— Это он трибуналу собирается рассказывать, как меня за жопу хватал и предлагал крепкую мужскую дружбу? Интересно будет послушать, — хмыкнул Иохель.
— Послушайте, майор, мне поручено разрешить ситуацию, — перебил его Лемешев. — Никто не хочет в такое важное для всей страны время заниматься мордобоем и подробностями личной жизни наших офицеров…
— Тащ майор, вот супчику горячего и картошечки с мясом, — не глядя ни на кого, открыл дверь и зашел в ординаторскую спиной вперед Синицын.
— Потом принесешь! Вон отсюда! — крикнул особист, и Синицын тут же исчез, оставив после себя только запах еды.
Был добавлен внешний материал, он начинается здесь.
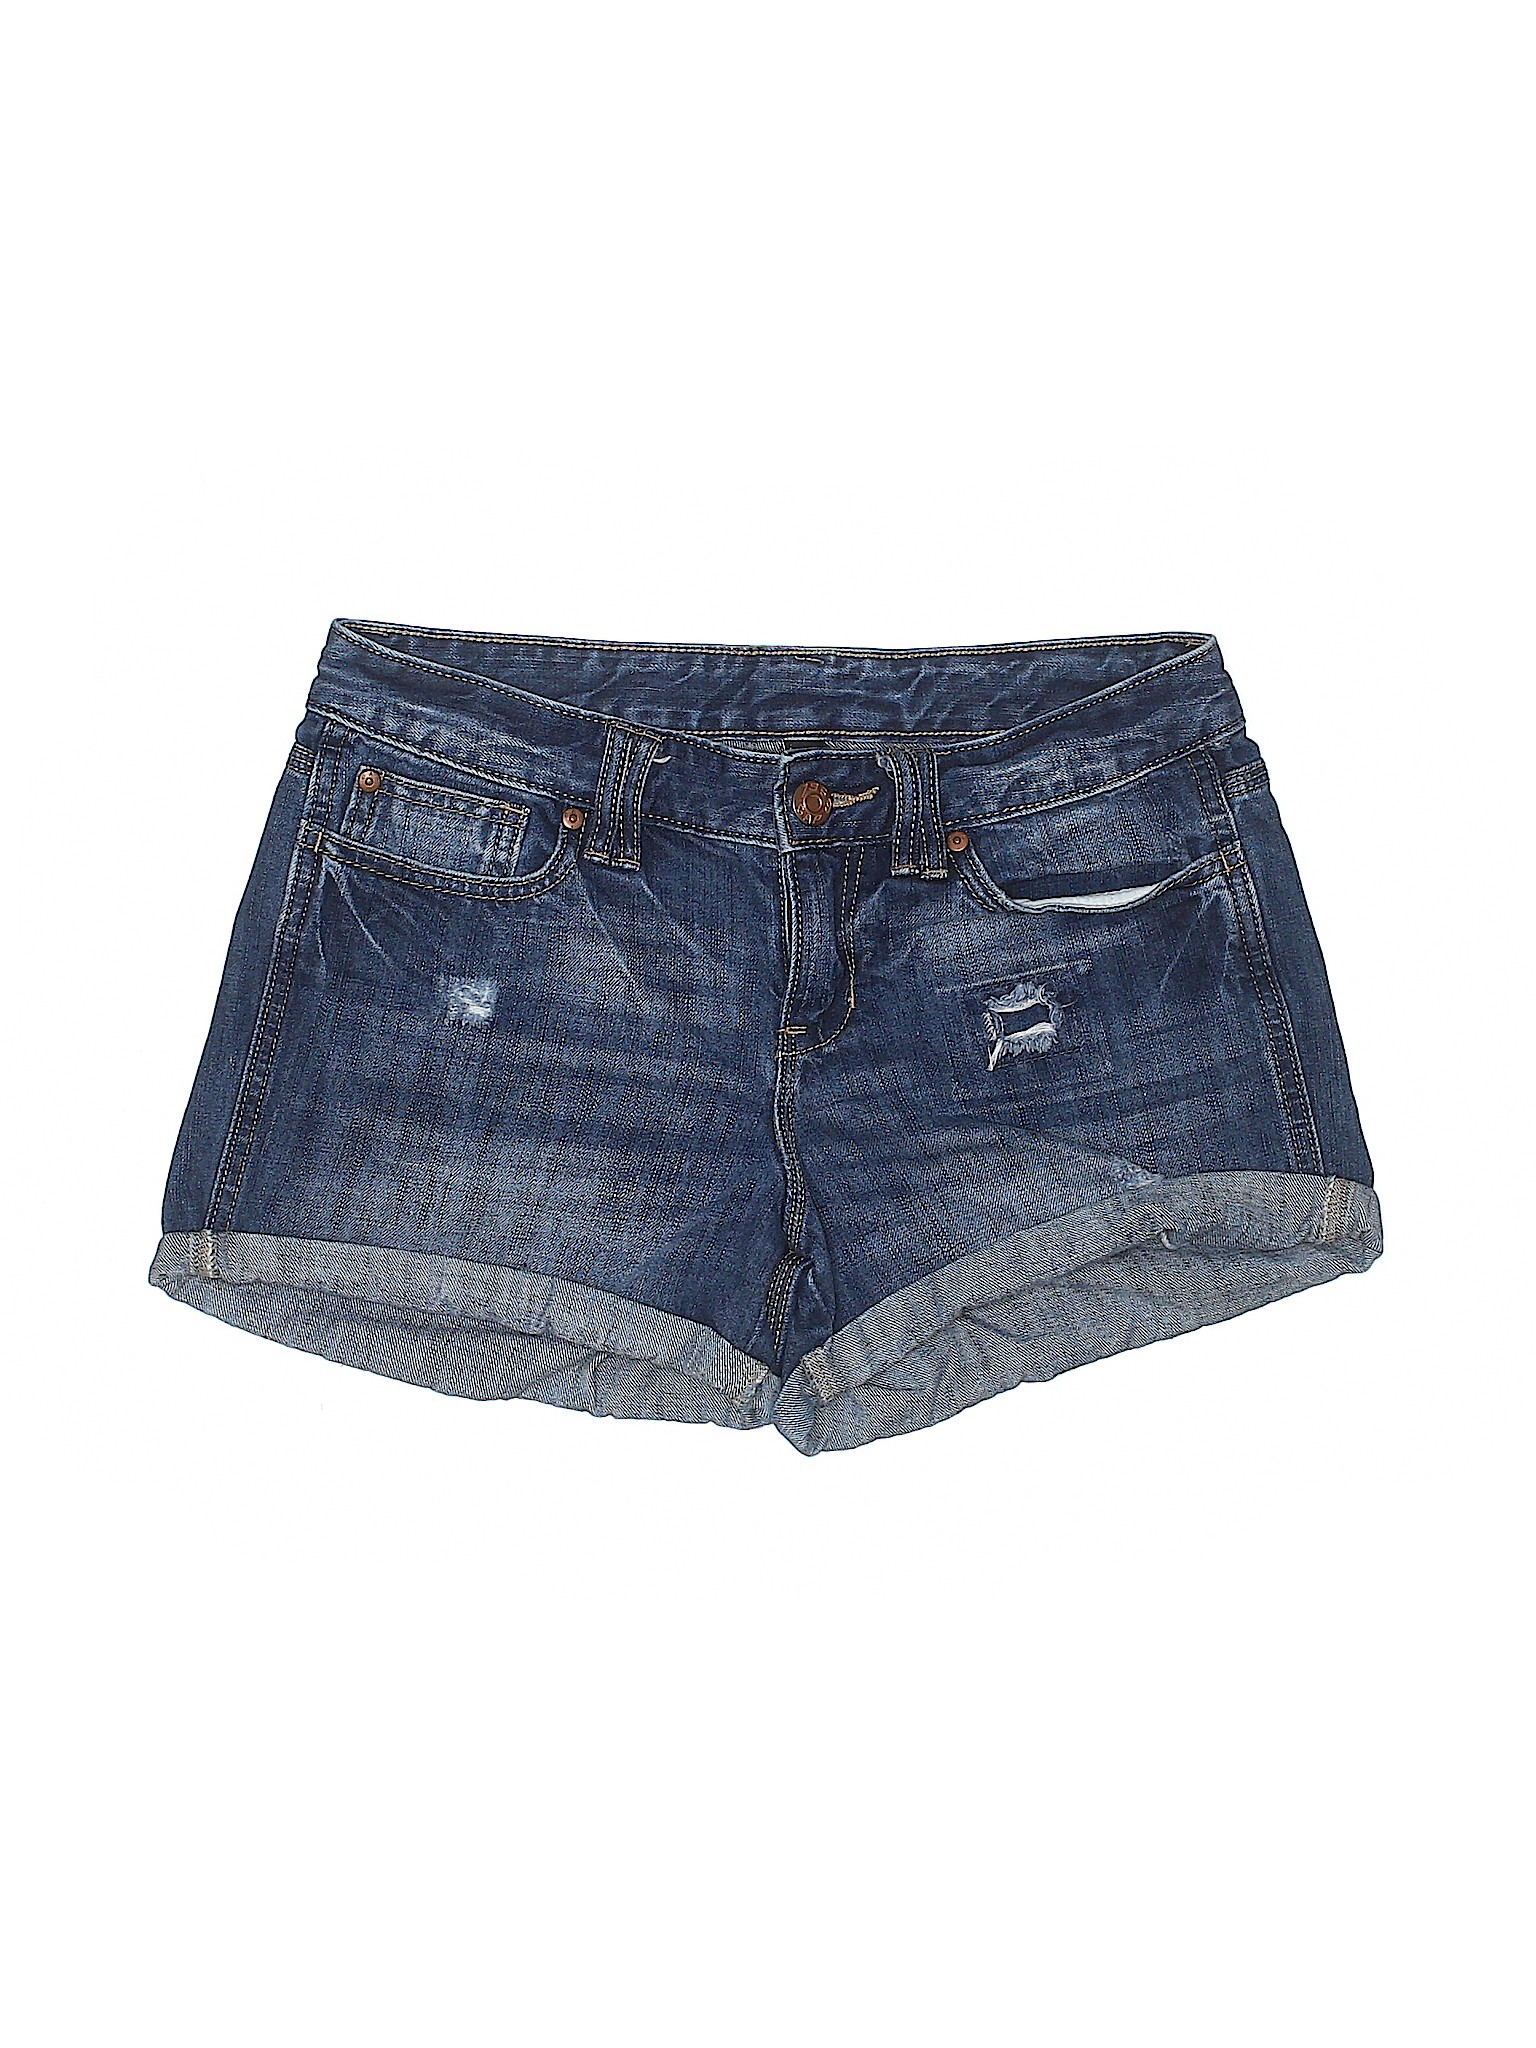 Gap Solid Blue Denim Shorts Size 4 - 80% off | thredUP

— Так что Вы там говорили о важном для всей страны времени? — спросил Гляуберзонас.
— Если коротко, то делу ход давать не будут. И Яшкин не будет против. Надо только принести генерал-майору извинения. Сущая ерунда, майор. И всё. Будете служить дальше, будто ничего и не случилось.
— Идите в жопу. Генерал-майор покажет дорогу, он знает. Я не собираюсь перед этим пидором извиняться. Трибунал — так трибунал. Я без работы нигде не останусь. Всё. Разговор окончен, — и Иохель стукнул кулаком по столу. — Синицын! Где мой ужин?!
* * *
Третьего июня одна тысяча девятьсот сорок четвертого года Иохель Моисеевич Гляуберзонас с гордостью удлинил свое воинское звание до «майор медицинской службы в отставке».
Отдохнув пару месяцев в Арзамасе (проведал маму и сестер и определив судьбу верного Синицына, у которого не осталось ни жилья, ни родни, поселив того рядом с мамой), Иохель уехал в Москву, где с легкостью устроился на работу в больницу имени Сергея Петровича Боткина. Гляуберзонас быстро начал делать карьеру: сначала стал заведующим отделением, потом его начали соблазнять ребята с кафедры факультетской хирургии и он даже написал три статьи в журнал «Вестник хирургии». Жизнь налаживалась. Он даже начал встречаться с дочерью профессора с кафедры факультетской хирургии и ее намеки на женитьбу не вызывали у него стойкого отвращения. Один из высокопоставленных пациентов сказал, что лично его очень возмущает отсутствие у такого замечательного специалиста отдельной жилой площади.
Идиллия прекратилась вскоре после смерти великого сына советского народа Андрея Александровича Жданова в сентябре сорок шестого года [3]. Сначала очередную статью без каких-либо объяснений отказались печатать в журнале. Потом главный врач придрался к какой-то мелочи и Иохель вновь стал простым ординатором. Профессорская дочка быстро стала холодна и неприветлива. Секретарь высокопоставленного пациента отменил назначенный прием, на котором должен был решиться тот самый пресловутый квартирный вопрос. Еще немного погодя к Иохелю поздно вечером заехал раввин из синагоги, расположенной в Большом Староглинищевском переулке, которого он совсем недавно очень удачно прооперировал по поводу камней в желчном пузыре и напрямик сказал, что лучше всего Иохелю будет оказаться сейчас где-нибудь подальше от столицы, желательно у моря [4]. Гляуберзонас, уже морально готовый к любым неприятностям, внял предупреждению и через две недели устроился на работу врачом в пароходство, в таком знакомом городе Кёнигсберг, за время его отсутствия ставшим Калининградом.
После короткой стажировки на берегу сначала его пристроили на сейнер, а потом и на сухогруз. Год коротких походов по Балтике, а потом первый отдел дал добро и Иохель получил шанс увидеть, что там творится на другом берегу Атлантического океана.
* * *
Стоянка в Гаване ничем не отличалась от таких же в других портах. Иохель в сопровождении корабельного замполита и старшего механика прогуливался по городу, заодно попутчики присматривали друг за другом, чтобы никто не поддался на возможные провокации, о чем им долго и упорно рассказывали в каждом порту перед выходом на берег. Ходили они таким составом постоянно, поэтому каждый был уверен в своем спутнике. Иохель с удовольствием рассматривал достопримечательности — ничего другого им не оставалось, так как на развлечения и даже еду денег не хватало.
Идущий навстречу белый мужчина лет пятидесяти в широкополой соломенной шляпе, цветастой свободной рубахе, ослепительных белых брюках и сандалиях на босу ногу вдруг остановился, удивленно посмотрев на Иохеля, потом широко улыбнулся и прошел мимо как ни в чем не бывало. Советские моряки на него не обратили никакого внимания, одет так здесь был каждый второй, а улыбался — так каждый первый.
— Олег Михайлович, я в книжный на минутку, — сказал доктор замполиту и кивнул в направлении витрины замеченного им магазинчика.